The Assassination of the Archduke: Sarajevo 1914 and the Romance That Changed the World by Greg King and Sue Woolmans (Review)

On June 28, 1914, Archduke Franz Ferdinand, the heir to the Habsburg Empire and his morganatic wife, Sophie, the Duchess of Hohenberg were assassinated by Serbian nationalist Gavrilo Princip in Sarajevo. The assassination of the Archduke served as the pretext for the First World War as conflict between Austria-Hungary and Serbia triggered the European alliance system. In numerous histories of the period, Franz Ferdinand and Sophie appear on the world stage at the time of their deaths without any mention of how their romance scandalized the court in Vienna or the subsequent lives of their children, including the imprisonment of their sons in the Dachau concentration camp during the Second World War.

In The Assassination of the Archduke: Sarajevo 1914 and the Romance That Changed the World, Greg King, author of numerous royal history books including Twilight of Splendor: The Court of Queen Victoria During Her Diamond Jubilee Year, The Court of the Last Tsar: Pomp, Power and Pageantry in the Reign of Nicholas II, The Fate of the Romanovs and The Resurrection of the Romanovs: Anastasia, Anna Anderson, and the World’s Greatest Royal Mystery and Sue Woolmans, editor of 25 Chapters of My Life: The Memoirs of Grand Duchess Olga Alexandrovna reconstruct the lives and legacy of the Archduke and the love of his life, challenging the myths surrounding their marriage and providing a full biography of Franz Ferdinand, Sophie and their children.

In contrast to Franz Ferdinand’s contemporaries, the last Imperial Family of Russia, key documents concerning the Archduke’s marriage, including his private correspondence with Sophie, have been destroyed. Even the couple’s descendants are not sure how they first met or precisely when Franz Ferdinand decided to challenge his uncle, Emperor Franz Joseph and the strict laws governing the marriages within the House of Habsburg to marry Countess Sophie Chotek. King and Woolmans reconstruct the romance using a wide variety of surviving material including diplomatic correspondence, letters exchanged by Franz Ferdinand’s relatives and newspaper reports. The marriage of the heir to the Austrian throne to a lady-in-waiting, even one from the Bohemian (Czech) nobility, created a scandal at court. Franz Joseph and his officials ensured that Sophie would never be treated as her husband’s equal in life or death.
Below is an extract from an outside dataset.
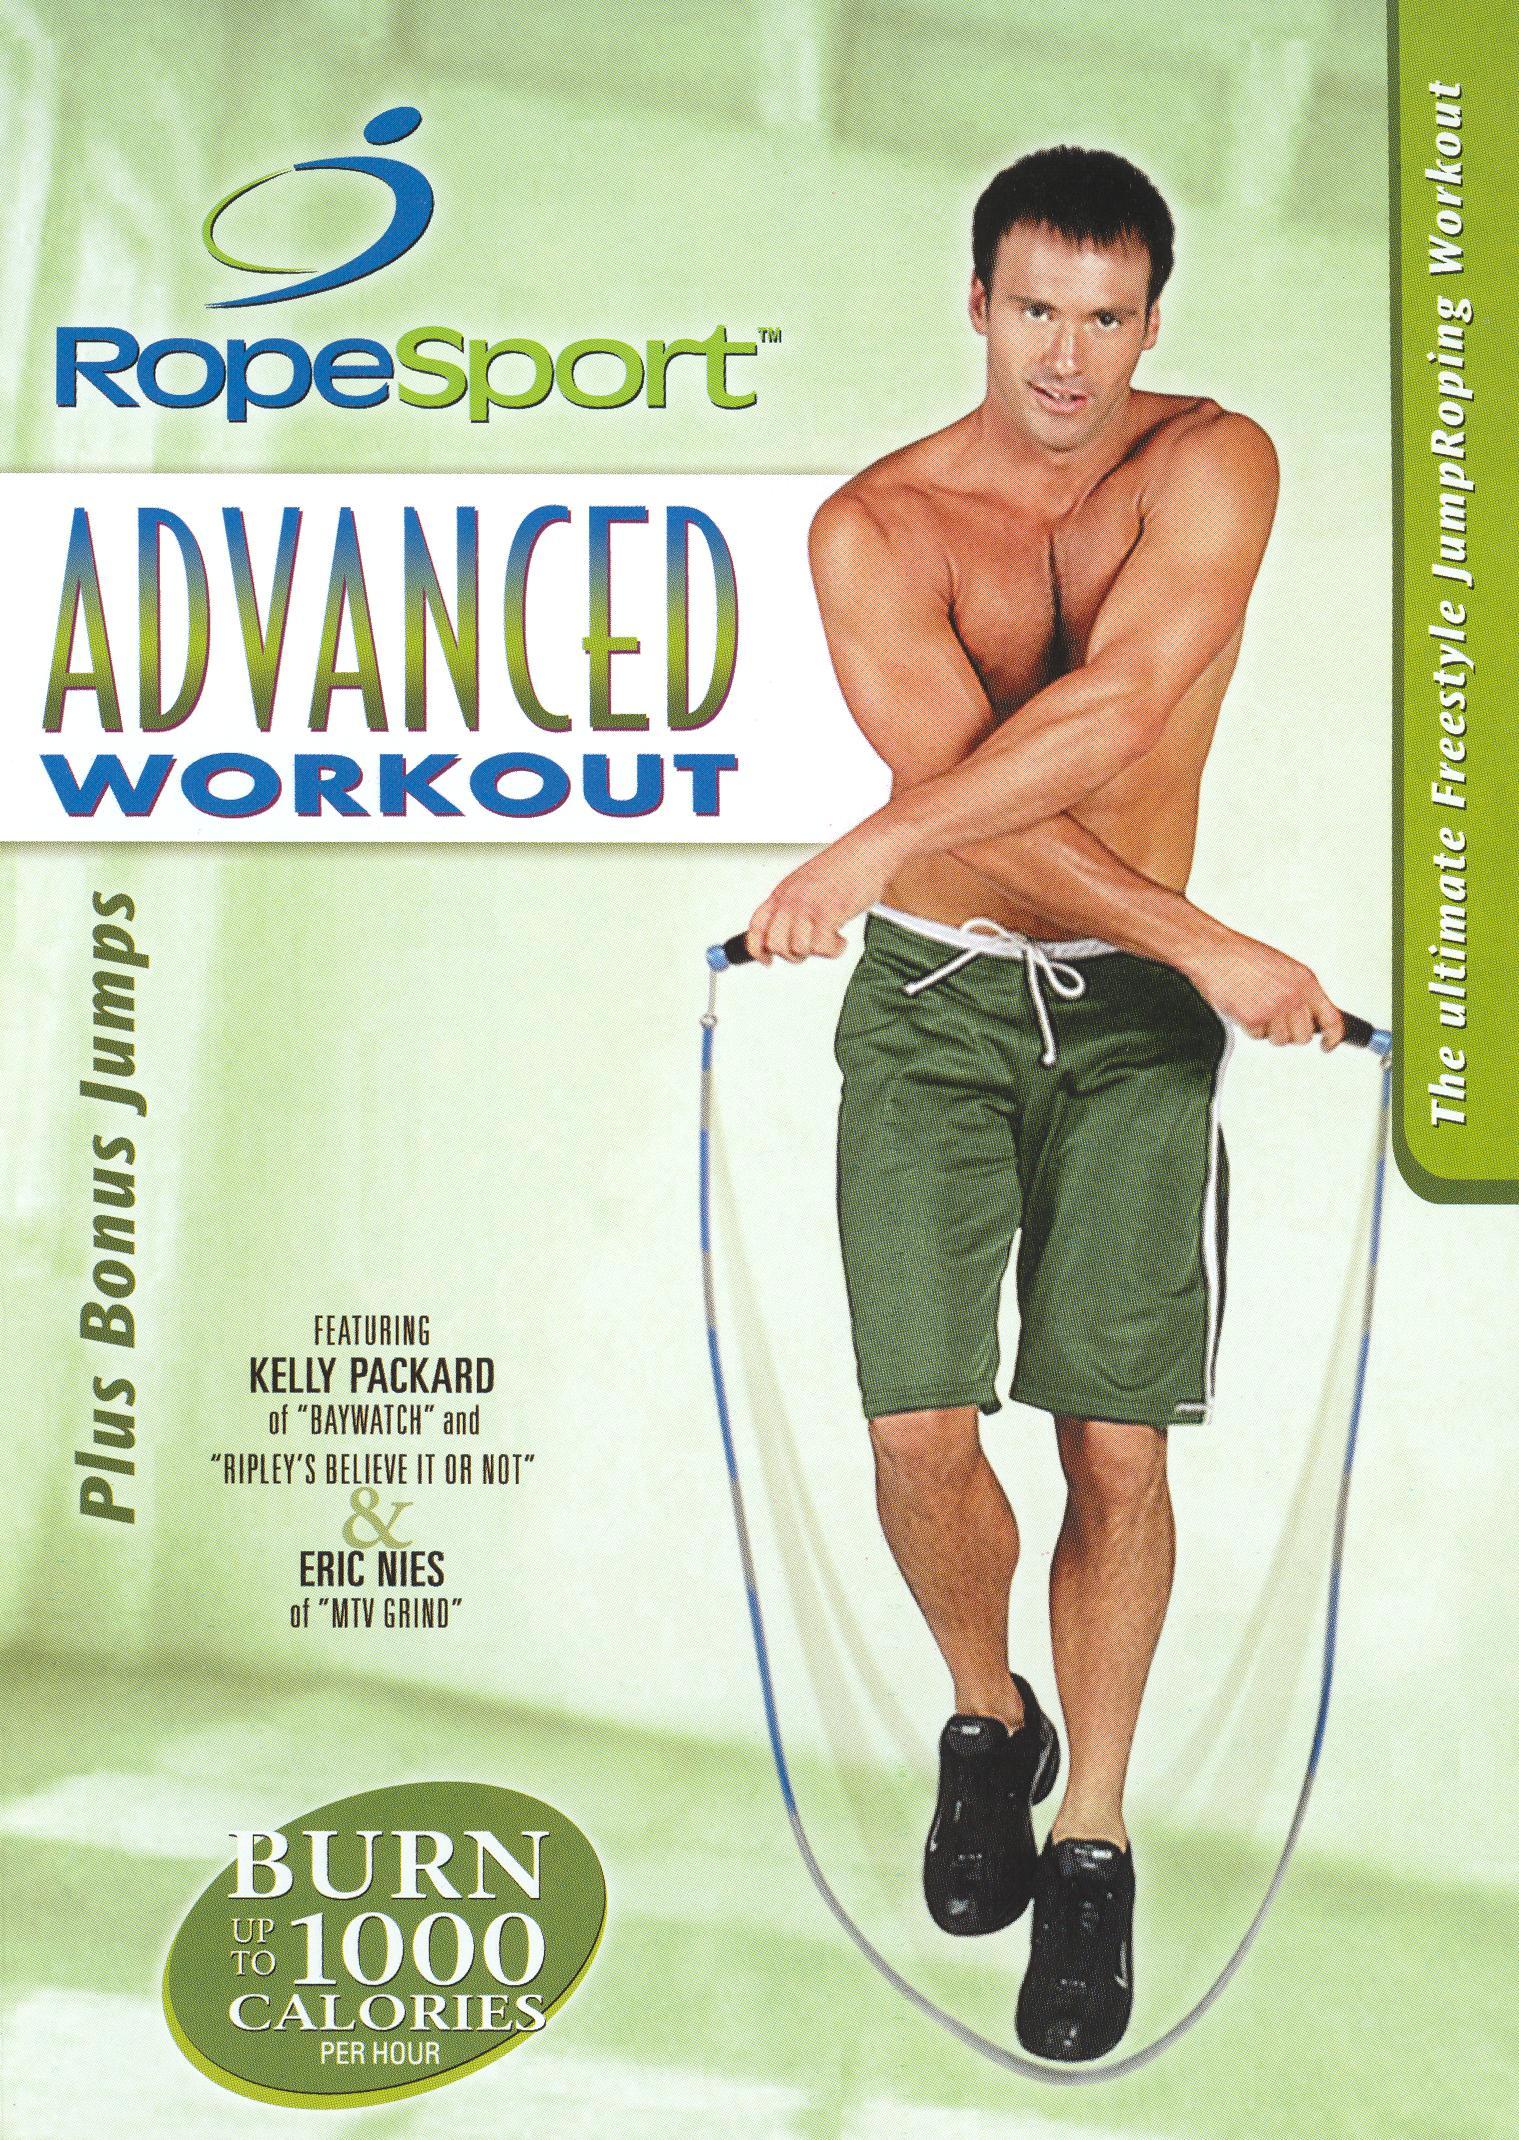 RopeSport: Advanced Workout

In the century since Franz Ferdinand’s and Sophie’s death, numerous myths and misconceptions have emerged concerning their characters. King and Woolmans carefully separate fact from fiction. The Archduke emerges as a complex personality, reserved, unsociable and short tempered in public but deeply devoted to his wife and children in private. His political views remain enigmatic as he was accused of having both reactionary and revolutionary inclinations over the course of his life. King and Woolmans provide evidence that his travels in the United States inspired a vision of the Austro-Hungarian Empire as a federation of equal states rather than a dual monarchy. There is less surviving information about Sophie but she emerges as a steadying influence in the Archduke’s life, devoting herself to her family and accepting the constraints imposed on a morganatic spouse.

The strongest section of the book is the description of the visit to Sarajevo in 1914. Although the reader knows that Franz Ferdinand and Sophie died there, King and Woolmans create effective dramatic tension, revealing the multitude of official missteps that sealed the couple’s fate as well as the numerous opportunities for changes in plan that would have saved their lives. The complete failure by local authorities to keep the couple safe led to rumours of an Austrian conspiracy to dispose of a troublesome Archduke and create a pretext to invade Serbia at the same time. King and Woolmans examine these interpretations of the events in Sarajevo, sifting through the conflicting accounts of why there was so little protection for the Emperor’s heir.

The only misstep in this otherwise well written and well researched biography are the periodic descriptions of the marriage of Franz Ferdinand and Sophie as a fairy tale romance with various members of the House of Habsburg cast as the “wicked stepmother” or “fairy godmother.” In his previous books, most notably The Fate of the Romanovs, Greg King has been extremely critical of sentimental interpretations of the domestic life of Nicholas II, Empress Alexandra and their children. In the opening chapters The Assassination of the Archduke, King and Woolmans challenge the current romantic image of Franz Joseph’s wife, Empress Elisabeth. By comparing Franz Ferdinand and Sophie to characters from a fairy tale, King and Woolmans appear to hold them to a different standard than the other royalty of the period.

The Assassination of the Archduke brings the Archduke Franz Ferdinand and his wife Sophie to life, revealing their determination to marry in the face of widespread opposition and the happy home they created for their children. King and Woolmans re-examine the fatal events of the couple’s visit to Sarajevo and discuss what happened to their daughter and sons, the first orphans of the Great War. The Assassination of the Archduke is an excellent addition to any royal library as it reveals the lives of a couple better known for how their deaths changed history.